My struggle with my weight has been a perpetual part of my story, and will probably continue for the rest of my days. My days spent in the Chicago burlesque scene have helped me to accept my body’s appearance; unlike public school, no one is making fun of me for being fat. Not to my face, anyway. Not that I can tell. I still don’t like the way I look in the mirror, but these days that’s all about me. I don’t carry that over into what other people probably think of me.

But it’s still having a negative effect. My legs can’t handle this kind of sustained strain and impact. My knees are giving out and my heels can’t handle flexing past ninety degrees. Stairs give me anxiety, and oddly, it’s worse going down than up. I have all the skills and knowledge for success, but I just cannot make my body go through some of these motions without crumpling in pain, like being jabbed by a one-inch diameter needle.

These are problems I developed many years and fifty pounds ago, and that’s all without even getting into my lower and upper back reuniting for a crippling reunion tour.
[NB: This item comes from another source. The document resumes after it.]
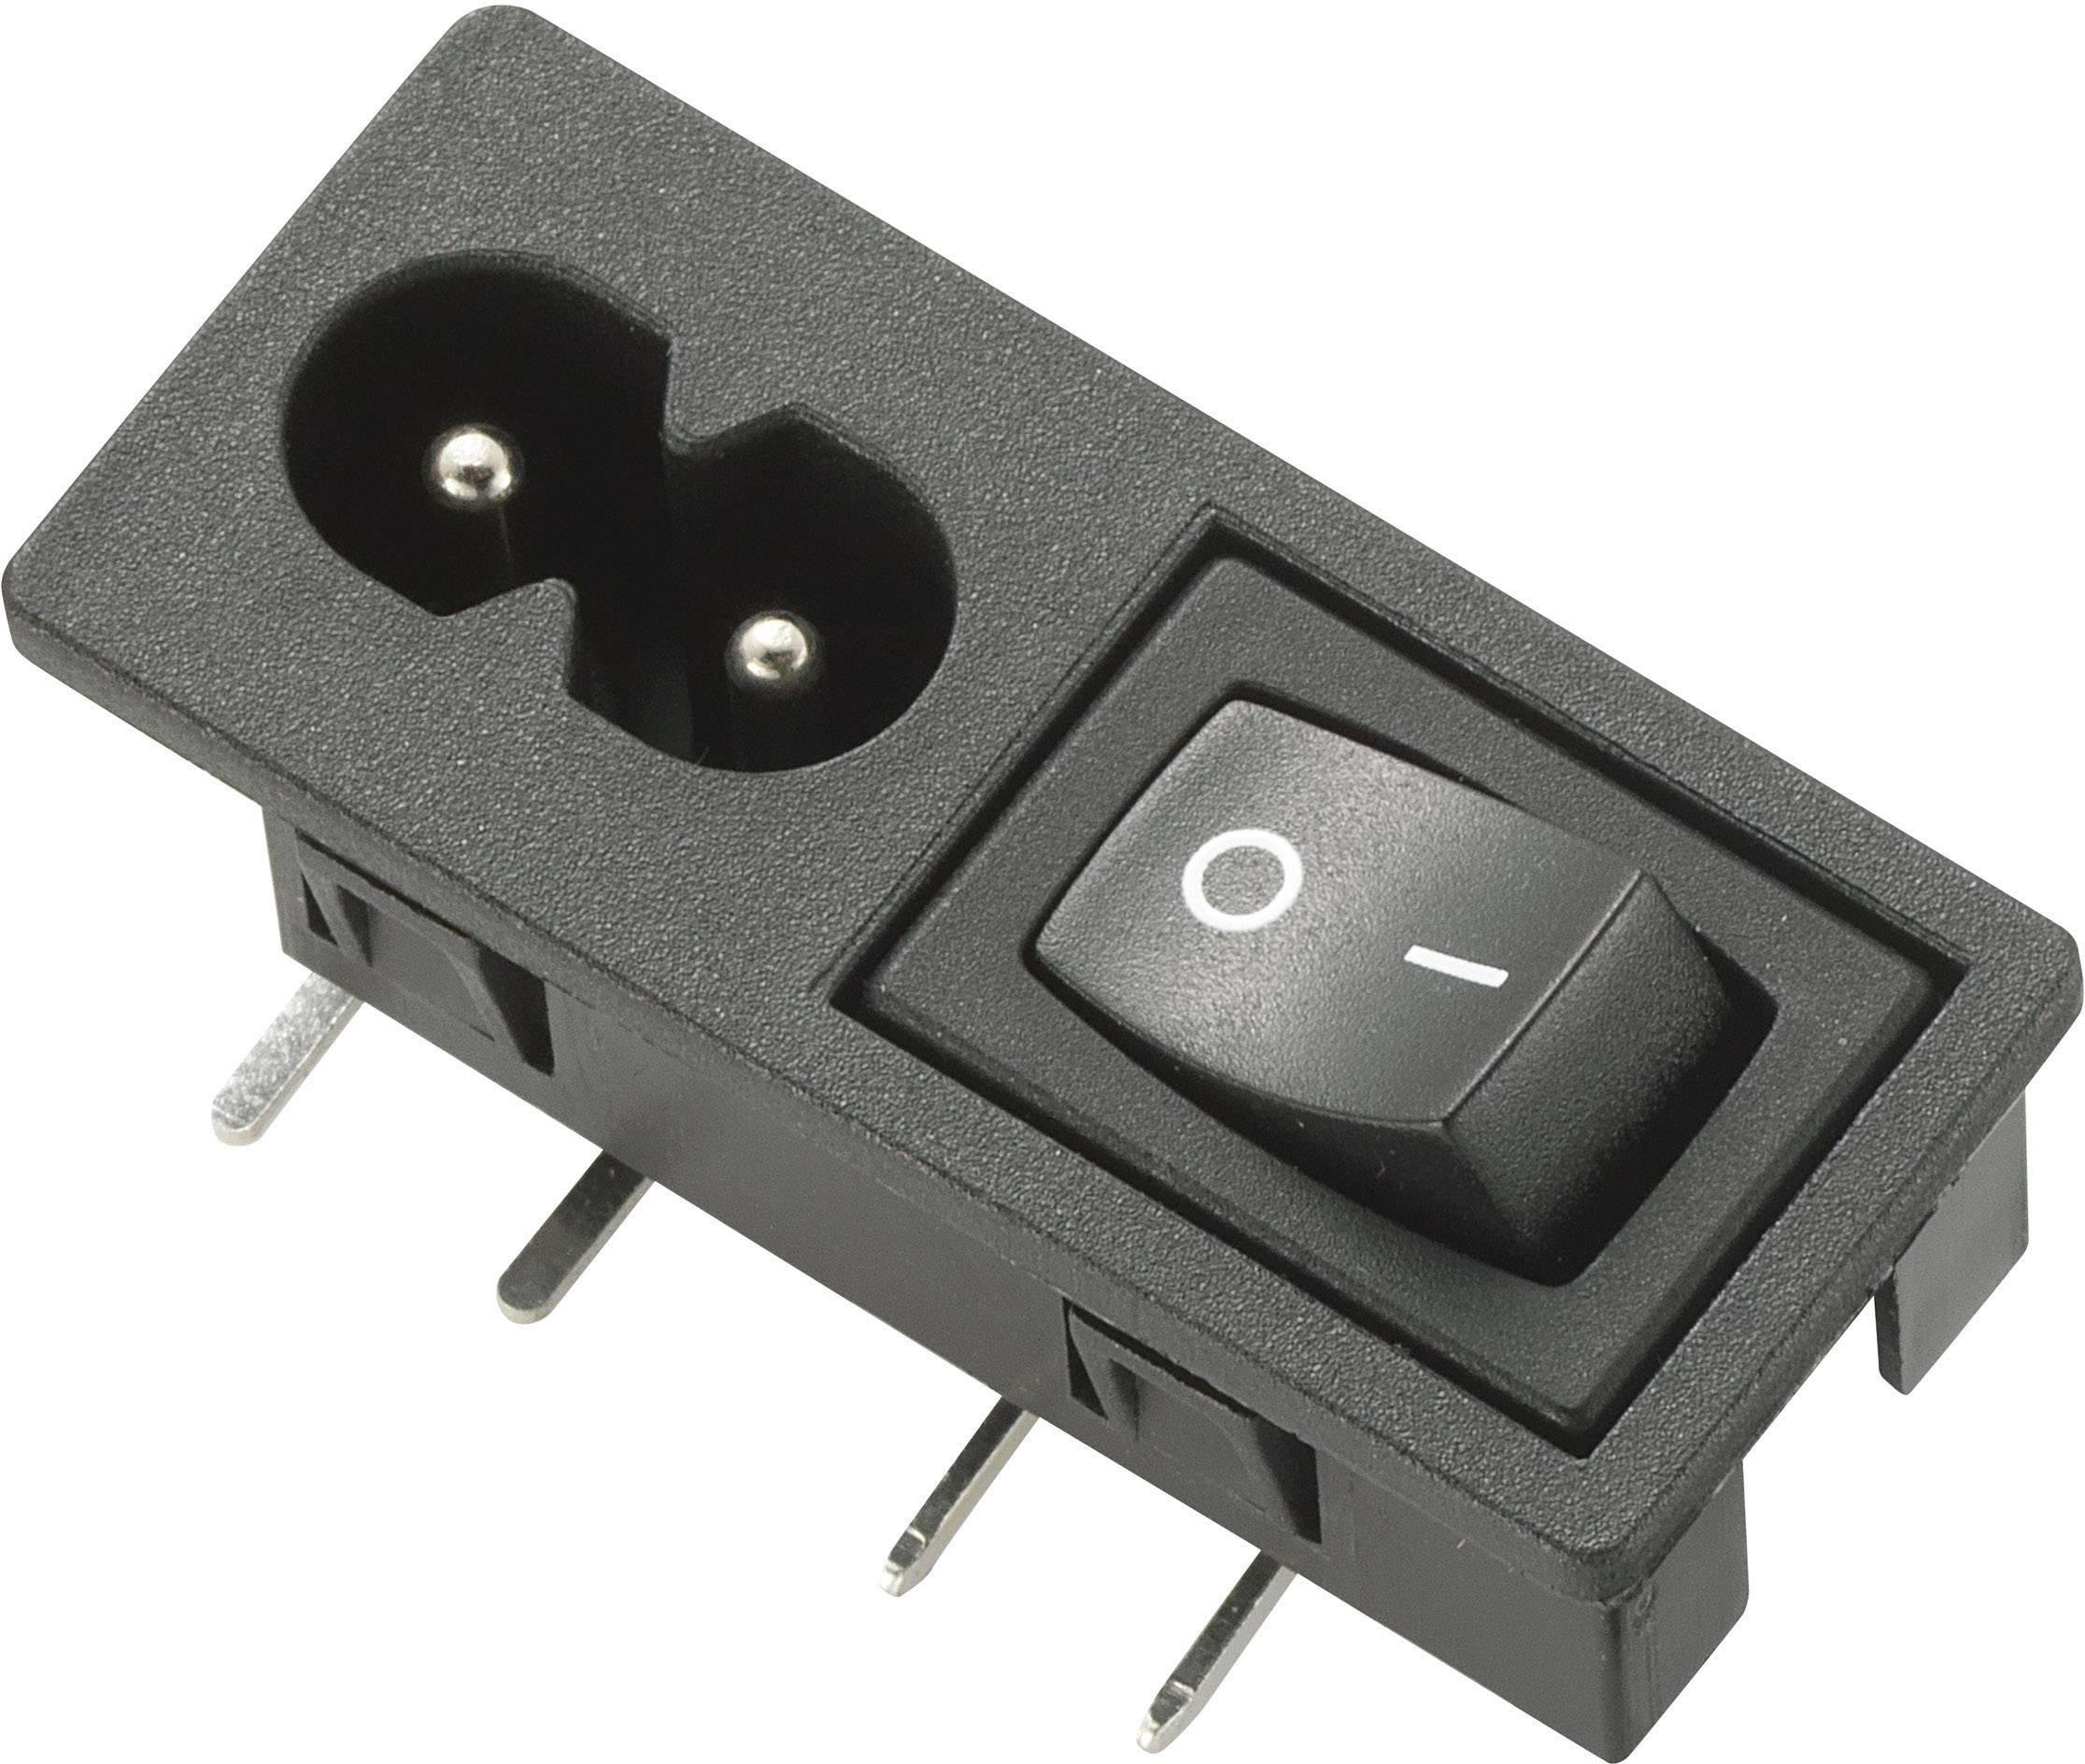 IEC zástrčka C13/C14 C8;C8, zástrčka, vstaviteľná horizontálna, počet kontaktov: 2, 2.5 A, 250 V, čierna, 1 ks

The other night it took six hours to fall asleep because every time I rolled over I felt my shoulder blades clamp onto my spine like a vicious dog trying to snap a femur in half.

I’m not constantly despondent, but something always hurts. I’m tired of it. This isn’t pain born from fatigue and sore muscles, and it’s nothing to be solved with some Epsom salts and a bit of stretching. It’s just . . . part of who I am now. Like a scar.

The most fucked up part is that I don’t understand how I’m exercising 8 out of 12 hours and still getting fatter.

I am having fun in spite of the issues. I’m getting advice and personal connections to start aiming the trajectory of my career so that I can make this a permanent part of my life. Heh. Yeah, even with all of this complaining, it’s still worth going through it all so that I can keep pretending to slash, stab, whack and punch people.

At least it makes the pained reactions come from a place of truth.